Christine Blasey Ford's attorney said she was partly motivated by desire to defend Roe v Wade (Update)

There’s a new book out about the Kavanaugh confirmation called “Search and Destroy: Inside the Campaign Against Brett Kavanaugh.” The Washington Examiner’s Paul Bedard has seen some excerpts from the book and highlights one of them today. Dr. Christine Blasey Ford’s attorney, Debra Katz, spoke at a conference and suggested that Ford was motivated to come forward by her desire to put an asterisk next to Kavanaugh’s name should he later dismantle Roe v Wade:

In April this year, she spoke at the University of Baltimore’s 11th Feminist Legal Theory Conference titled “Applied Feminism and #MeToo.” Lovelace secured a video of her address and provided a clip to Secrets…

Katz said:

“In the aftermath of these hearings, I believe that Christine’s testimony brought about more good than the harm misogynist Republicans caused by allowing Kavanaugh on the court. We were going to have a conservative [justice] … elections have consequences, but he will always have an asterisk next to his name. When he takes a scalpel to Roe v. Wade, we will know who he is, we know his character, and we know what motivates him, and that is important; it is important that we know, and that is part of what motivated Christine.”

[The book’s author] explained, “Ford’s audience was not the Senate, as Katz had previously suggested, but the American people. If they could be persuaded that Justice Kavanaugh was a predator, then they might not accept a future ruling by the five Republican-appointed justices altering the right to obtain an abortion established by Roe v. Wade. Had the Senate understood Ford’s real motivation, as described by Katz, it might have appreciated more fully the pressure that ‘organized forces’ were applying.”

Of course, we don’t know exactly what Dr. Ford might have said that led her attorney to believe this was an accurate take on her views. Maybe this is Katz putting her own spin on things, after the fact. Maybe she’s trying to claim a moral victory in the face of an obvious defeat. That’s possible.

But it’s also possible to read this as the book’s author does, as an admission that Ford was motivated by abortion politics all along. After all, Katz is saying the conclusion (of Kavanaugh’s confirmation) was assured ahead of time, suggesting that Ford knew it too. She really does seem to be saying that Ford just wanted to exact a political price.

The problem for Ford is that, whatever her reasons for coming forward, there was literally no one able to confirm any part of her story. No one remembered the party she described much less the incident, not even her friend who was supposedly there that night. No one remembers driving her home (she was 15) or remembers hearing about an assault contemporaneously.
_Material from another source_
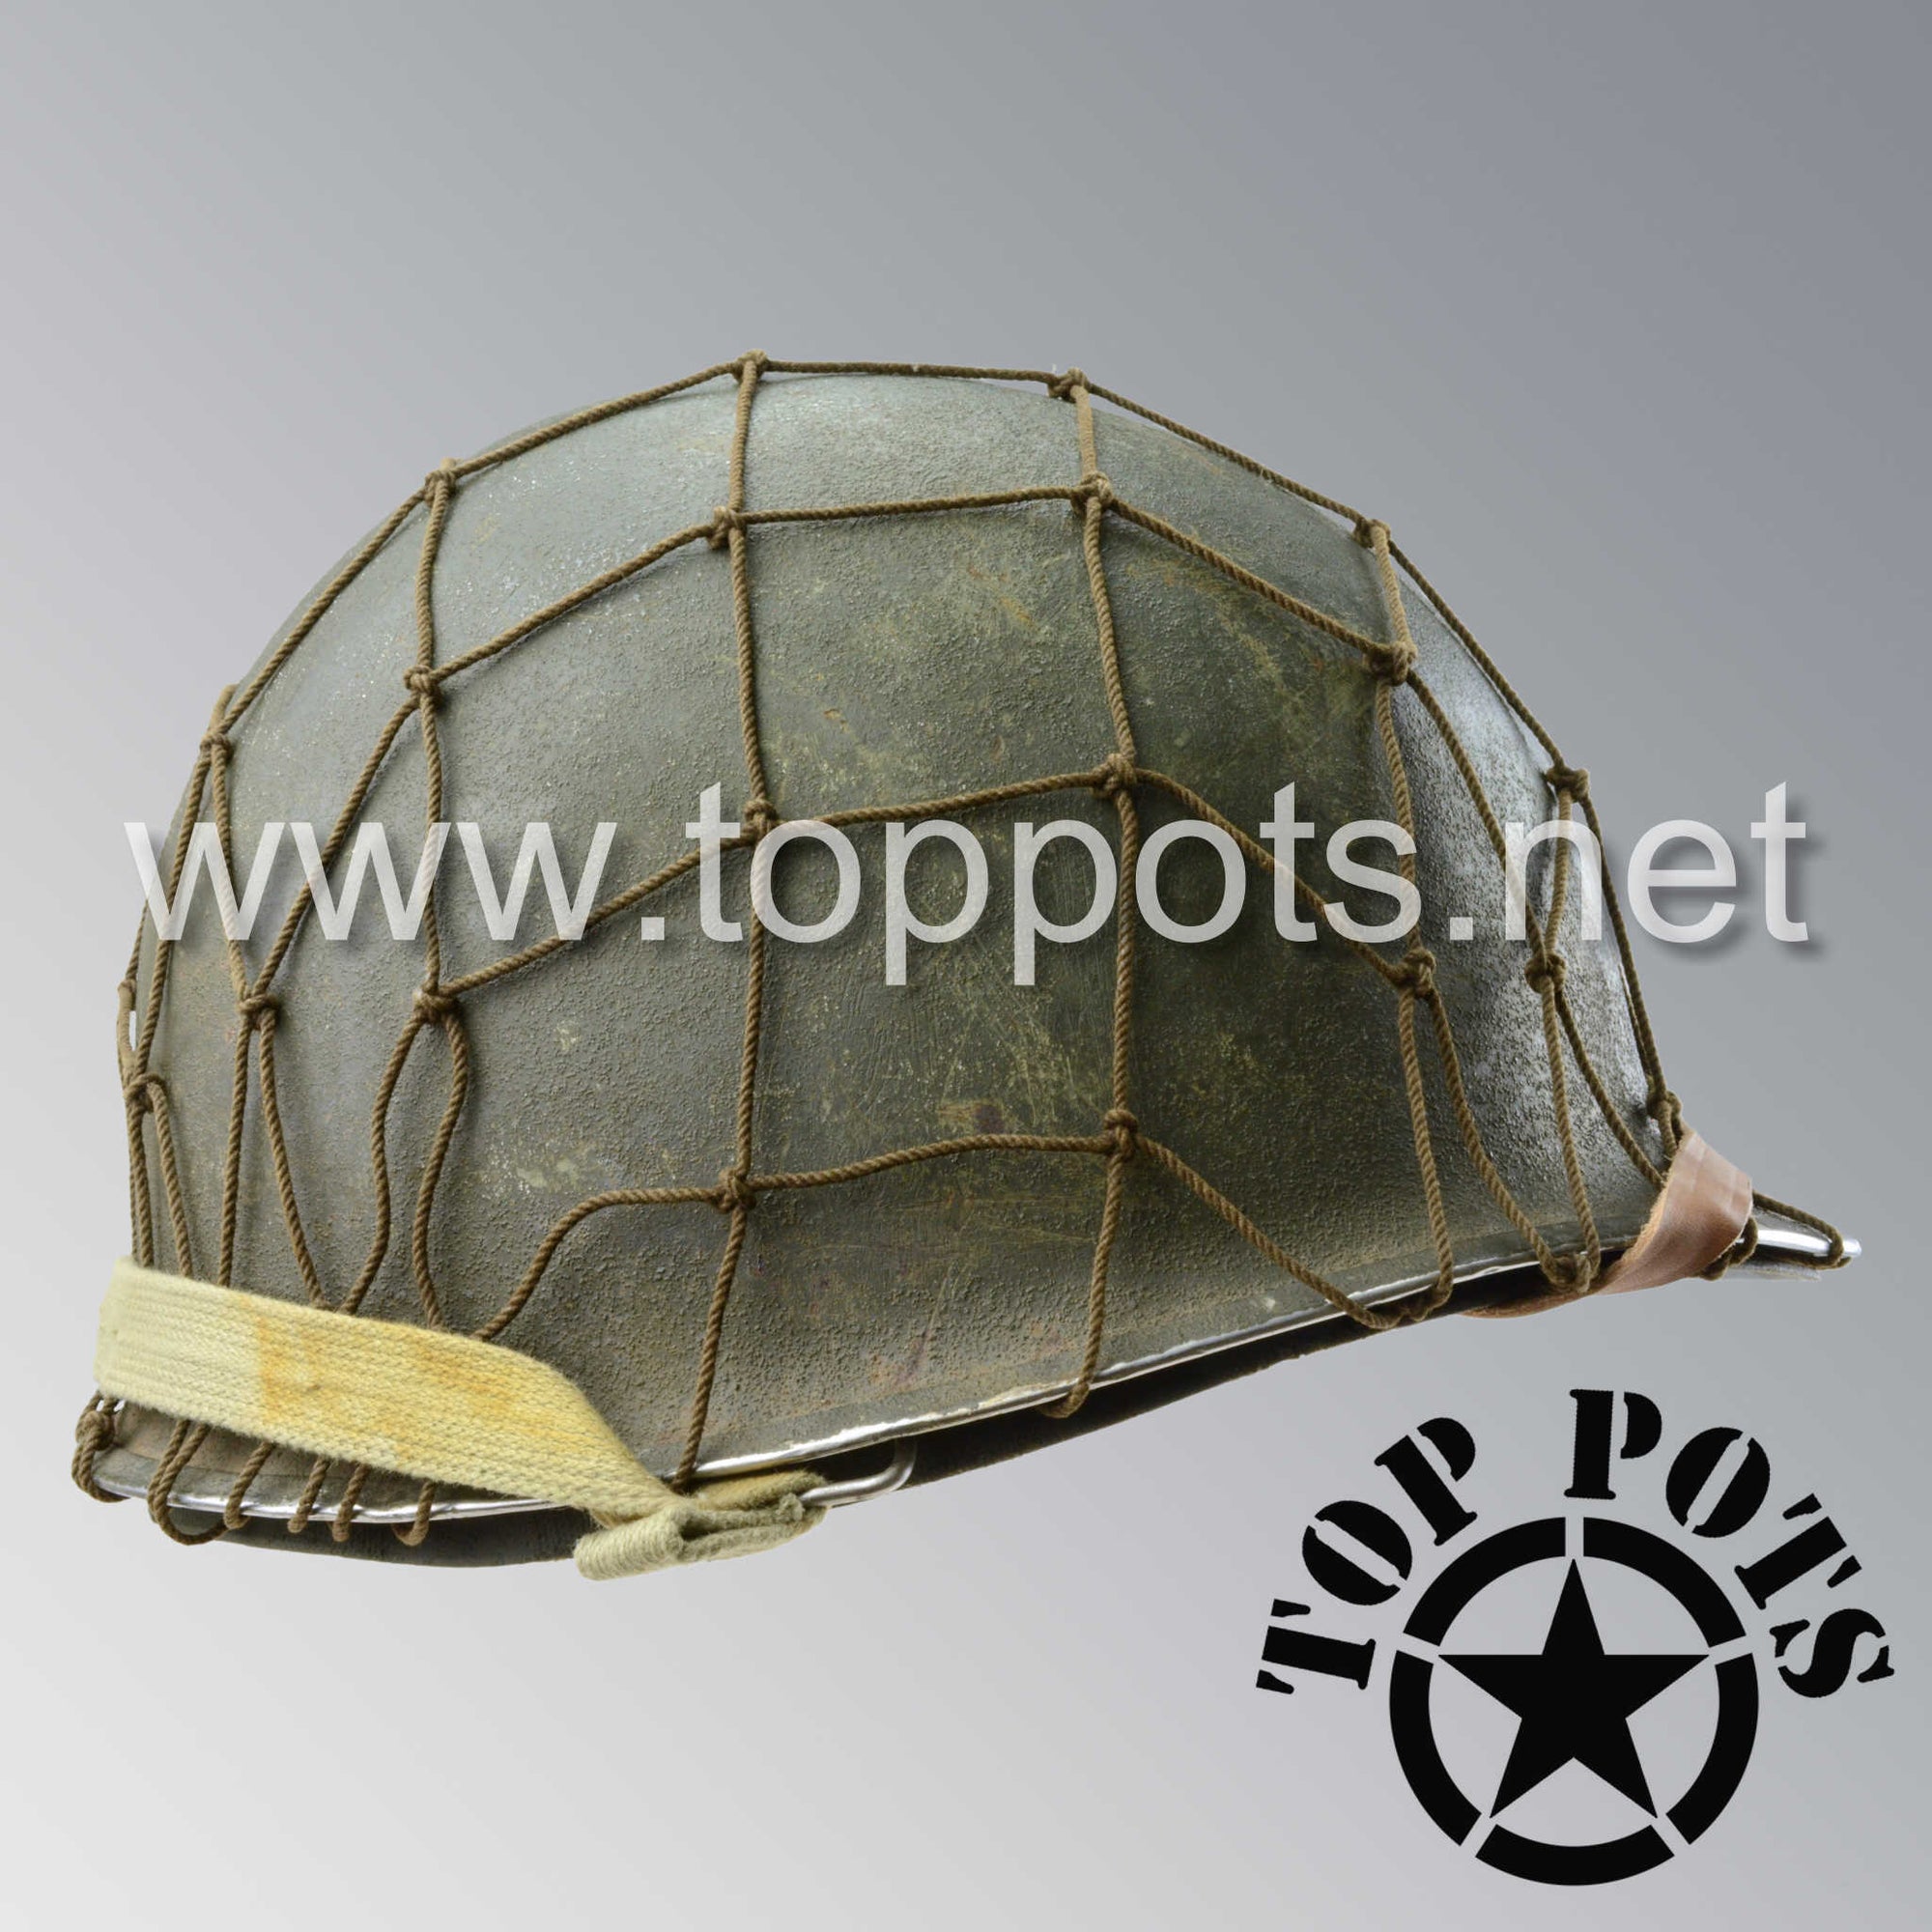 WWII US Army Original M1 Infantry or M1C Paratrooper Airborne Helmet Net - Khaki Tan Cotton (NET ONLY... HELMET NOT INCLUDED)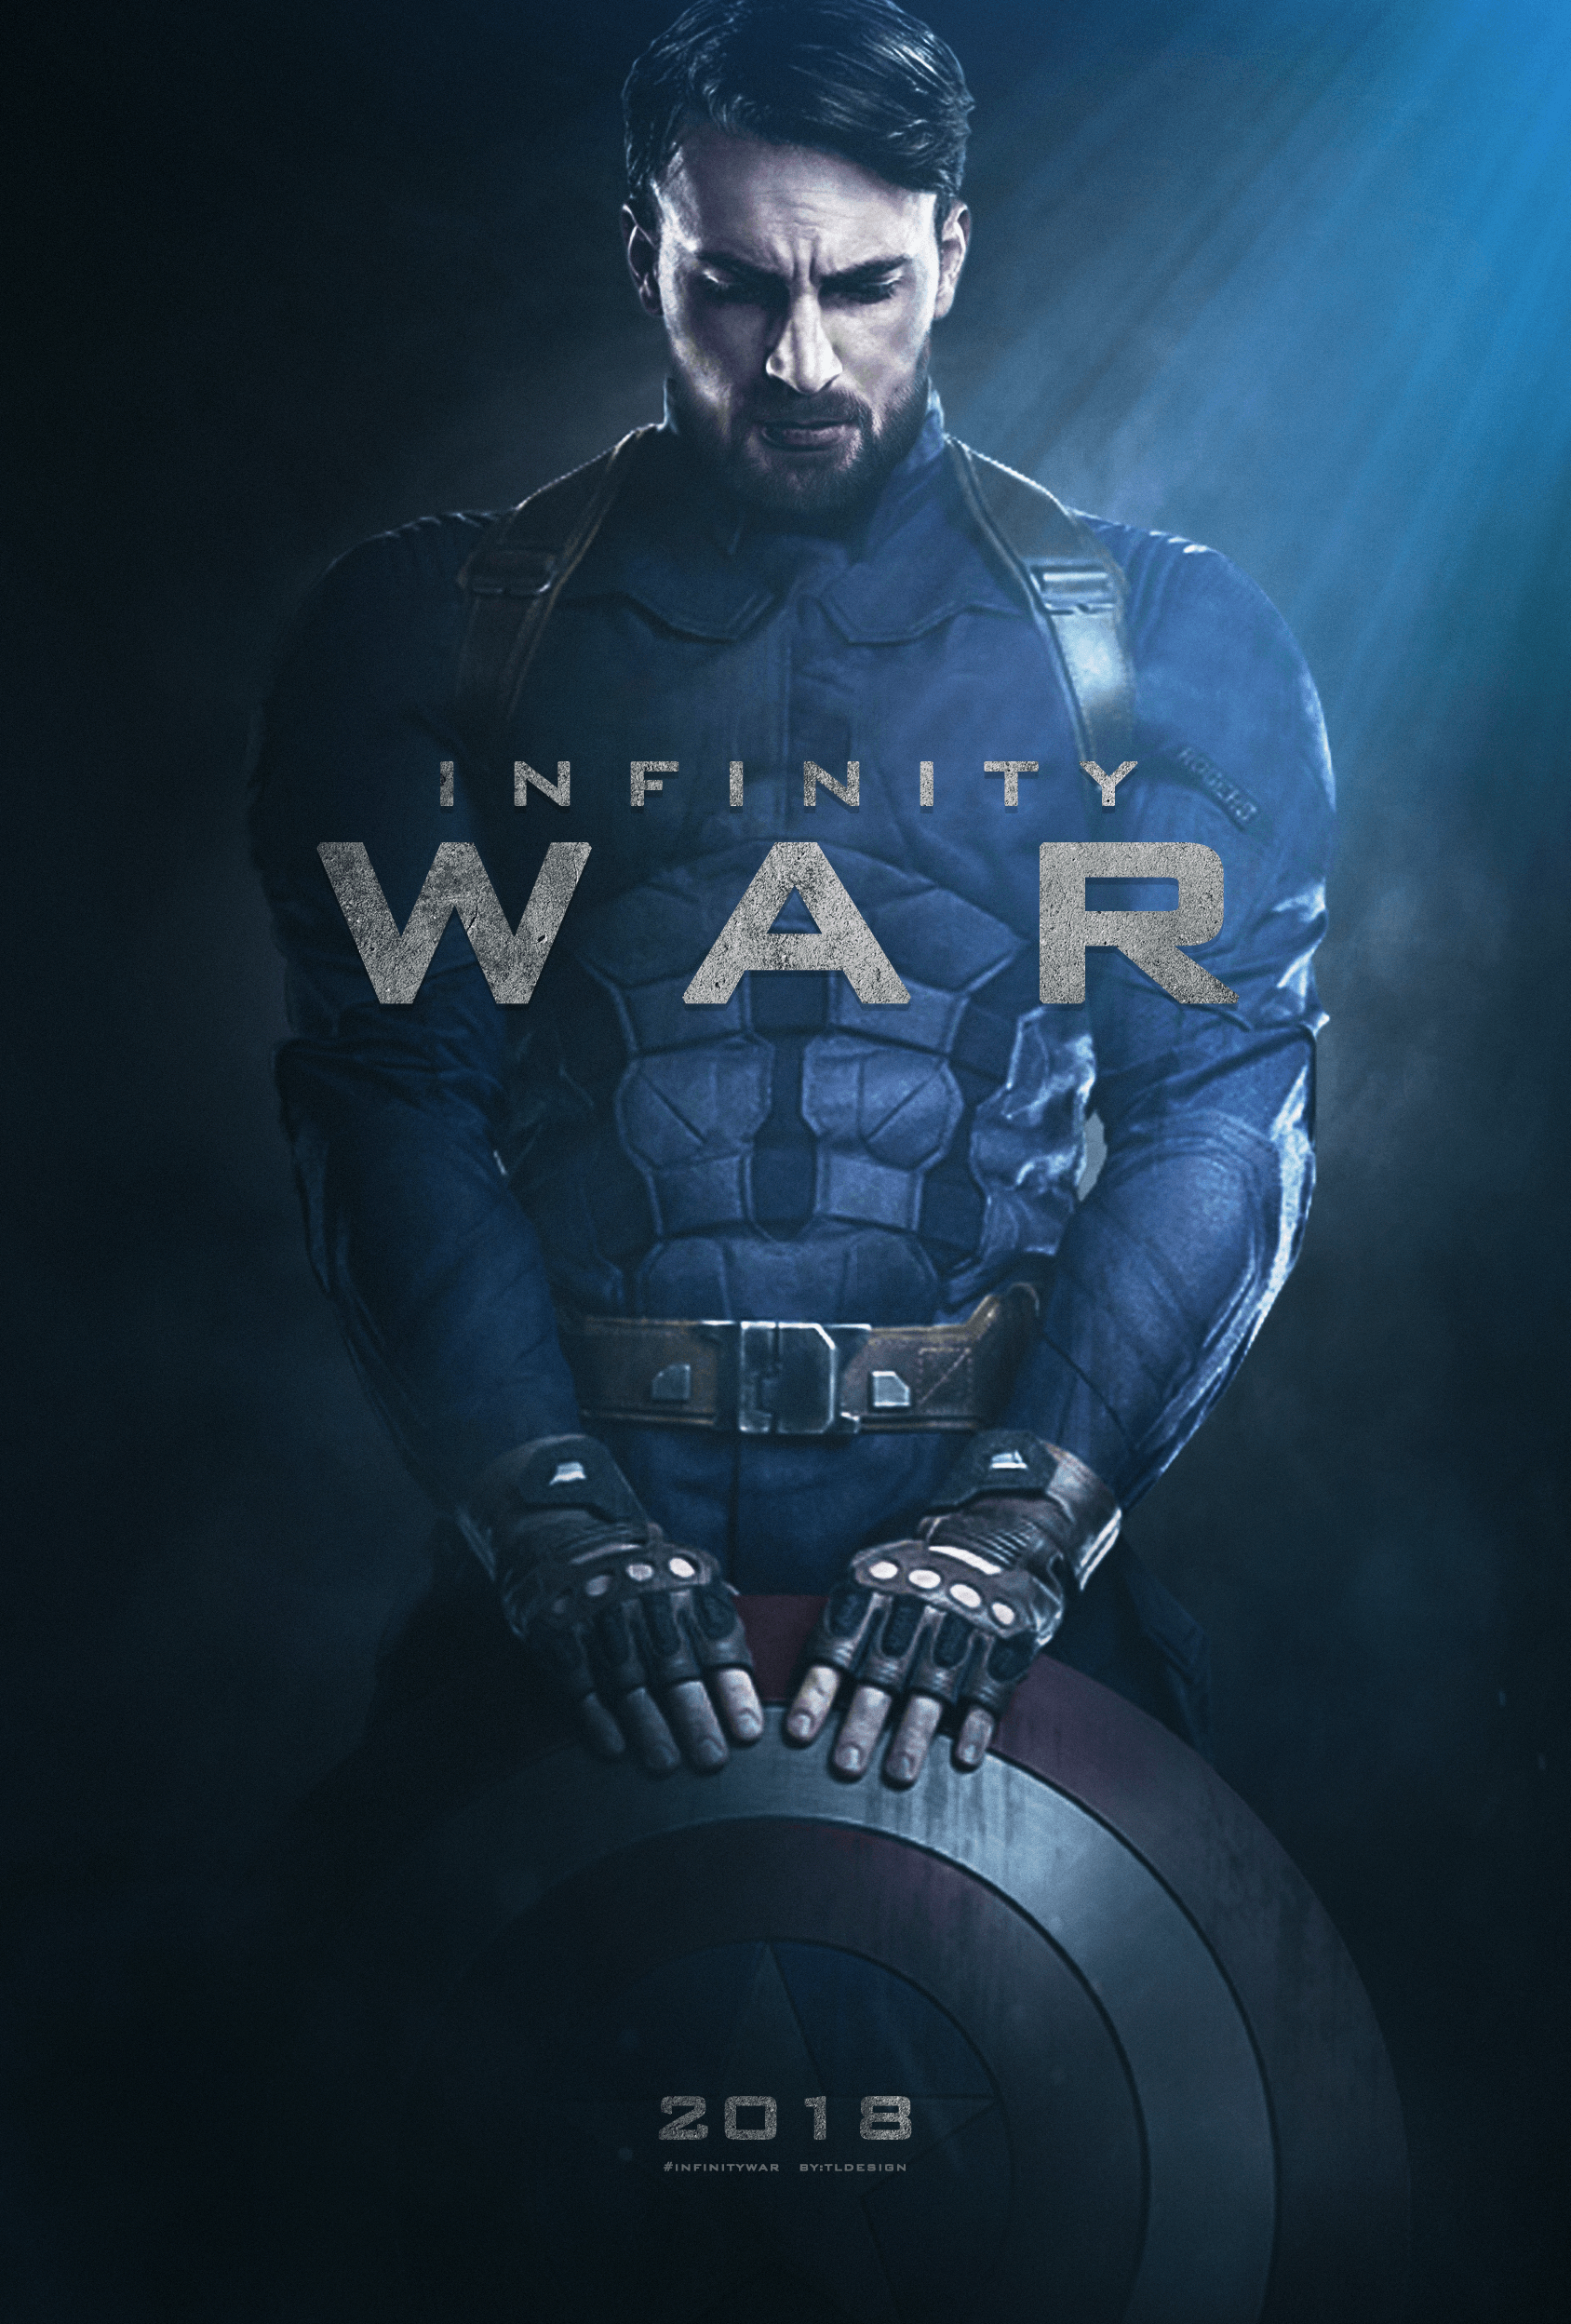 I made Captain America character poster for Infinity War

The first mention of Kavanaugh by name appears to be 30 years later.

Two other women who came forward, Deborah Ramirez and Julie Swetnick, also made claims about Kavanaugh’s behavior at parties that no one could confirm. There were also a couple of claims made to members of Congress that later turned out to be lies.

Unlike, Katz I don’t think Kavanaugh’s confirmation was a foregone conclusion. I still think that if anyone had come forward to back up Ford’s claims, Kavanaugh would have lost another vote or two and that would have been the end of his nomination. As it was, he came very close to not making it because of the allegations, at least some of which appear to have been invented out of whole cloth.